2.Remember they aren’t just a baby-making machine.
Whilst it’s great to show an interest in someone’s baby, names, how pregnancy is going and so on they are also the same people they were beforehand. They will still have interests, like and dislikes, they are still capable of talking about Brexit, holidays, weekend plans etc. I was excited to be having kids, I also sometimes just wanted to be me. Breezy, fun, interesting me …
That said I often didn’t feel like ‘me’. This is what I call the “eating cake in bed” period. For me it was one incident that really highlighted the whole ‘I’m me but I don’t feel like me’ stage of pregnancy. I was due to join my husband at a social event, however I felt incredibly sick and cancelled. Whilst this turned out to be a good decision (I was very sick) the result meant I was now at home alone and, whilst others enjoyed the event. I went to bed at 7pm and ate a whole carrot cake by myself.
I think the message here is one of inclusion. Make your pregnant friend, colleague, family member feel included in just the same conversations they were before pregnancy. Pregnant ladies you can do your bit too, don’t become siloed with just baby talk.
3.Talk about the future
People are especially scared of saying the wrong thing to pregnant women concerning their plans around future work life. Whilst you don’t want a member of your team to feel pressured, talking about their ideas for the future and how you can help support that vision is a great thing to do. I wanted to ensure Investigo knew I was still fully committed to my job, but at the same time that I would need and want some flexibility. It made the transition easy and we all felt comfortable about the expectation. Things can change of course, but I found having structured and open discussions the best way of ensuring I could go off on maternity leaving feeling positive about my return to work. Within reason both parties need to be as open with each other as possible, but as an employer, we should be doing everything we can to retain our best women and be flexible in our approach.
4.Give a great send off
Make a fuss. Whether you are friend, colleague, family, do make someone going off on maternity leave feel special.

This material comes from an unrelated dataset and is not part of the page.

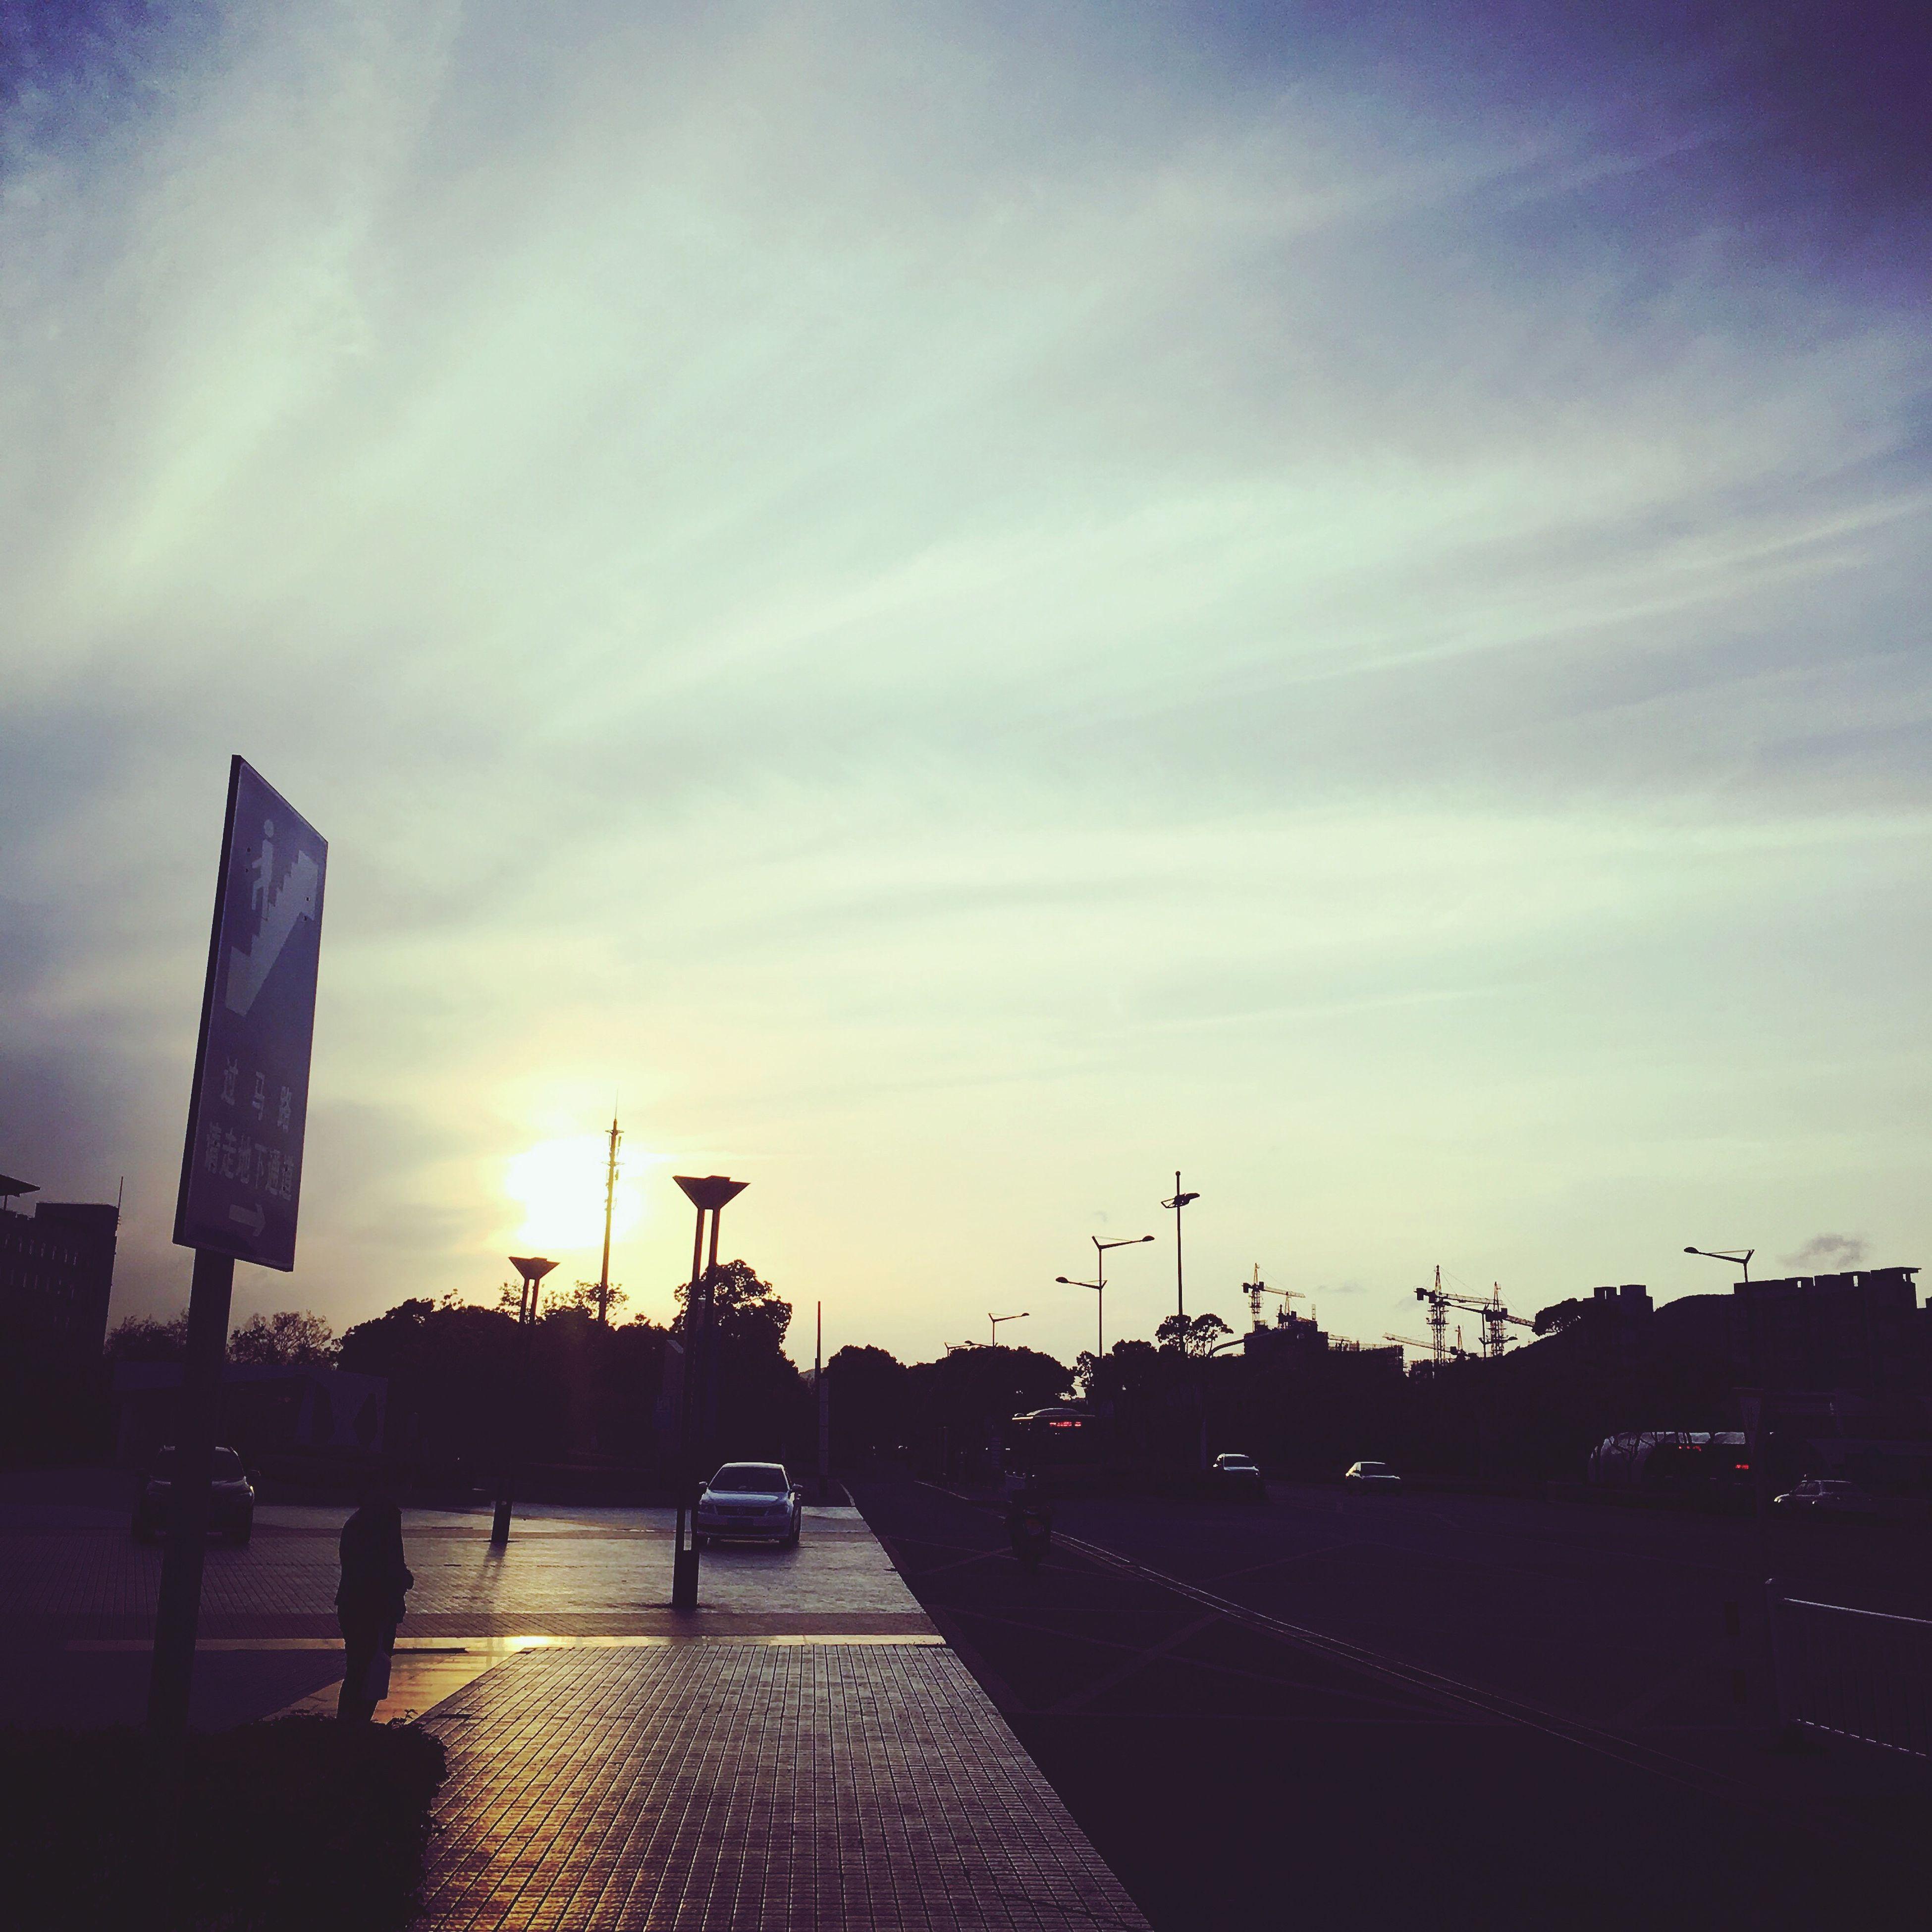 sky, sunset, built structure, architecture, building exterior, silhouette, cloud - sky, city, cloud, sunlight, transportation, road, cloudy, outdoors, dusk, street, no people, orange color, the way forward, nature

They really do deserve it and they will remember it forever. I had a very unfortunate experience where lots of people dropped out of my leaving breakfast and it felt pretty awful. It’s a small but important gesture to show that individual that you care and that you wish them well.
You often hear that ‘pregnancy is not a sickness’ and it’s not, unfortunately you can often feel worse than you have during any illness. In the main we don’t want to be treated differently, but I think sometimes we need to be. Your boss may say “thank you for not slowing down” but will you and the baby say that? Pregnancy, however, is a real struggle and people talk to me about it being so regularly. Women who are pregnant need to try and give themselves a break, recognise the extra effort required to keep pace and maybe just embrace the pregnancy a bit more. Be kind to yourself and to the pregnant women around you because they deserve it. As a community we should try to make that particular chapter of life a little bit easier to deal with by offering supportive environments. The good news is it’s so worth it and the memories that haunted me about being pregnant paled into insignificance when my children were born.